Senators who are usually incredibly vocal—Bernie Sanders, Elizabeth Warren, Kamala Harris, Amy Klobuchar, and Cory Booker—were silent but for their votes supporting Schumer’s proposed amendment to the rules. Former Republican Senator Jeff Flake spent 30 minutes in the front row of the Senate gallery looking down upon his former Republican colleagues, while Democratic actress-turned-activist Alyssa Milano occupied a prominent front-row seat above the fray.

Otherwise, all the actors took their places. Even though the outcome seems all but certain, that doesn’t mean the impeachment process wasn’t worth it. For those of us who have closely followed this presidency, Trump’s impeachment serves as validation of what most of us have known all along.
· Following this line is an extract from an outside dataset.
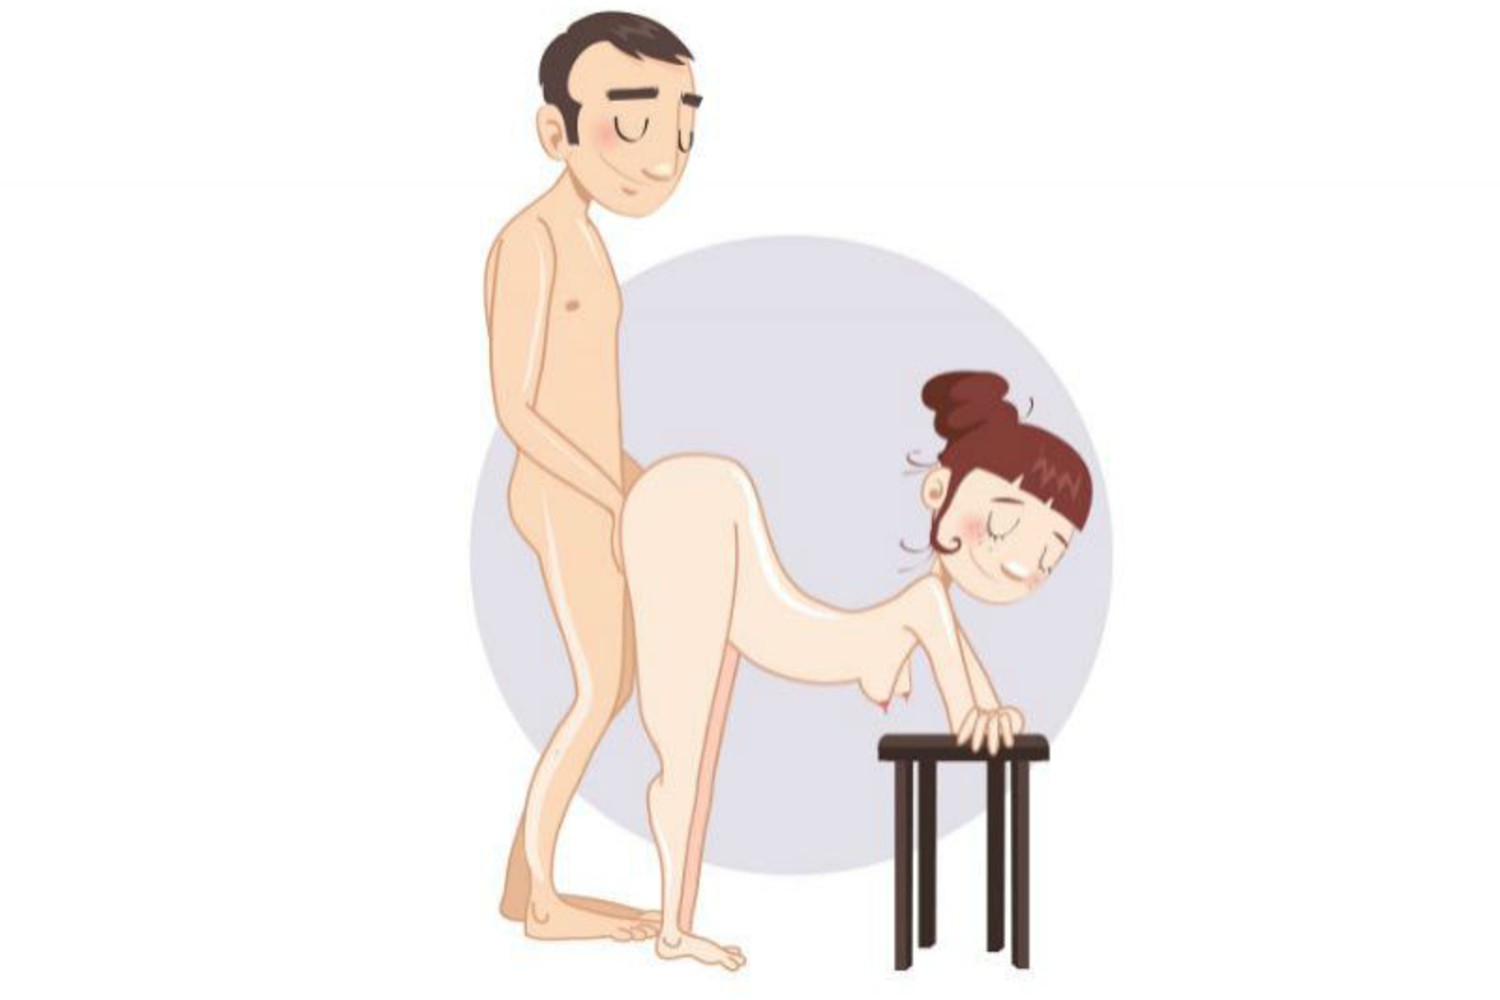 The Fan Sex Position

Trump may have evaded repercussions for his misogynist, racist, criminal, unseemly behavior for the first 73 years of his life, and for the first three-and-a-half years of his presidency, but that doesn’t mean that his criminal behavior and abuses of power should go unchecked. This is much larger than just Trump.

Still, Trump’s legacy will forever include the word “impeached.” He cannot sue to get it removed, he cannot threaten to have it locked up, and he cannot tweet it away. Whether the Senate votes to remove him or not, the millions of Americans who saw him for what he was four years ago, and every long day since, can finally feel some sense of vindication. But their work is far from over.

The white flag of surrender never was an option. Instead, we wear white because we refuse to let pernicious forces take over our government. The Senators who rigged this trial may be ignoring us now, but they will hear us, loud and clear, come November 2020.